Secret Management¶
Confii resolves ${secret:key} placeholders in configuration values at access time through the hook system. Secrets are fetched from pluggable stores -- from simple in-memory dictionaries to cloud providers like AWS Secrets Manager, Azure Key Vault, GCP Secret Manager, and HashiCorp Vault.
How Placeholders Work¶
When a config value contains a ${secret:...} placeholder, the secret resolver (registered as a global hook) replaces it with the actual secret value. This happens transparently during Get calls -- your application code reads resolved values without knowing they came from a secret store.
database:
host: prod-db.example.com
password: ${secret:db/password}
url: postgres://admin:${secret:db/password}@prod-db:5432/mydb
password, _ := cfg.Get("database.password")
// "s3cret-passw0rd" (resolved from secret store)
url, _ := cfg.Get("database.url")
// "postgres://admin:s3cret-passw0rd@prod-db:5432/mydb" (inline replacement)
Placeholder Formats¶
Three formats with increasing specificity:
Basic: ${secret:key}¶
Fetch the entire secret value by key:
With JSON Path: ${secret:key:json_path}¶
When a secret is a JSON object, extract a specific field using dot-notation:
# Secret "db/credentials" contains: {"username": "admin", "password": "s3cret"}
db_user: ${secret:db/credentials:username}
db_pass: ${secret:db/credentials:json_path}
The JSON path supports nested traversal:
# Secret "config/nested" contains: {"level1": {"level2": {"value": "deep"}}}
deep_value: ${secret:config/nested:level1.level2.value}
With Version: ${secret:key:json_path:version}¶
Fetch a specific version of the secret:
# Fetch version 2 of the secret, extract the "password" field
db_pass: ${secret:db/credentials:password:2}
# Fetch version "AWSPREVIOUS" (AWS-specific stage)
old_key: ${secret:api/key::AWSPREVIOUS}
Empty JSON path
Use an empty JSON path segment to skip it when you only need versioning: ${secret:key::version}.
Built-in Stores¶
DictStore¶
In-memory store for testing and development. Supports versioning via SetSecret.

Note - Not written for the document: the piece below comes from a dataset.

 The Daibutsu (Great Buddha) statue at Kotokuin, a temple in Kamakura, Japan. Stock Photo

import "github.com/confiify/confii-go/secret"
store := secret.NewDictStore(map[string]any{
"db/password": "s3cret",
"api/key": "ak-12345",
"config/nested": map[string]any{
"username": "admin",
"password": "hunter2",
},
})
// Additional operations
store.SetSecret(ctx, "db/password", "new-password") // creates a new version
store.DeleteSecret(ctx, "api/key")
keys, _ := store.ListSecrets(ctx, "db/") // ["db/password"]
store.Clear() // remove all
EnvStore¶
Retrieves secrets from OS environment variables. Keys are transformed to uppercase with /, ., and - replaced by _.

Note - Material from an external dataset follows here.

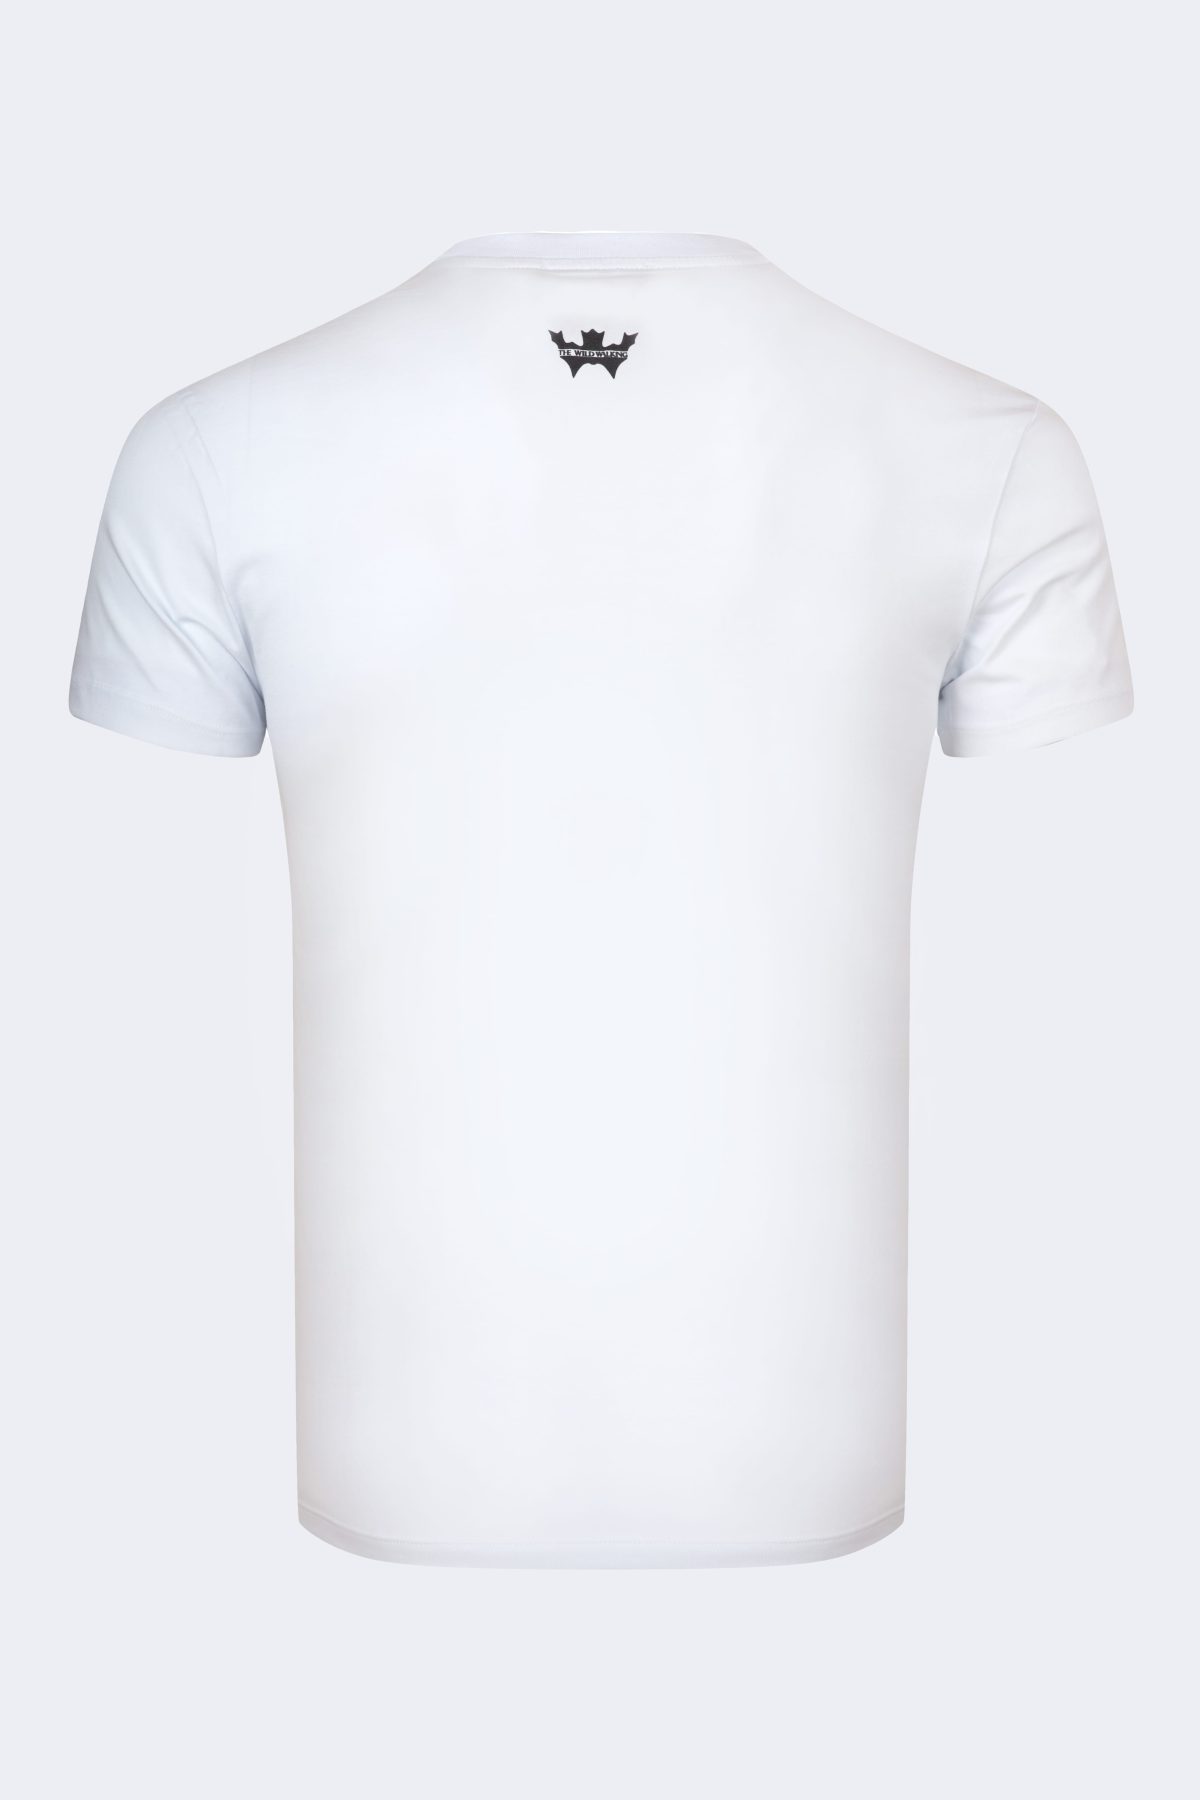 Lily pattern printed t-shirt – White-Black-2838

import "github.com/confiify/confii-go/secret"
store := secret.NewEnvStore(
secret.WithEnvPrefix("SECRET_"), // prepend prefix
secret.WithEnvSuffix("_VALUE"), // append suffix
secret.WithTransformKey(true), // default: uppercase + replace separators
)
Key transformation example:
Secret key: "db/password"
→ Transform: "DB_PASSWORD"
→ With prefix/suffix: "SECRET_DB_PASSWORD_VALUE"
→ Looks up: os.Getenv("SECRET_DB_PASSWORD_VALUE")
MultiStore¶
Tries multiple stores in priority order. The first store that successfully returns a value wins.
import "github.com/confiify/confii-go/secret"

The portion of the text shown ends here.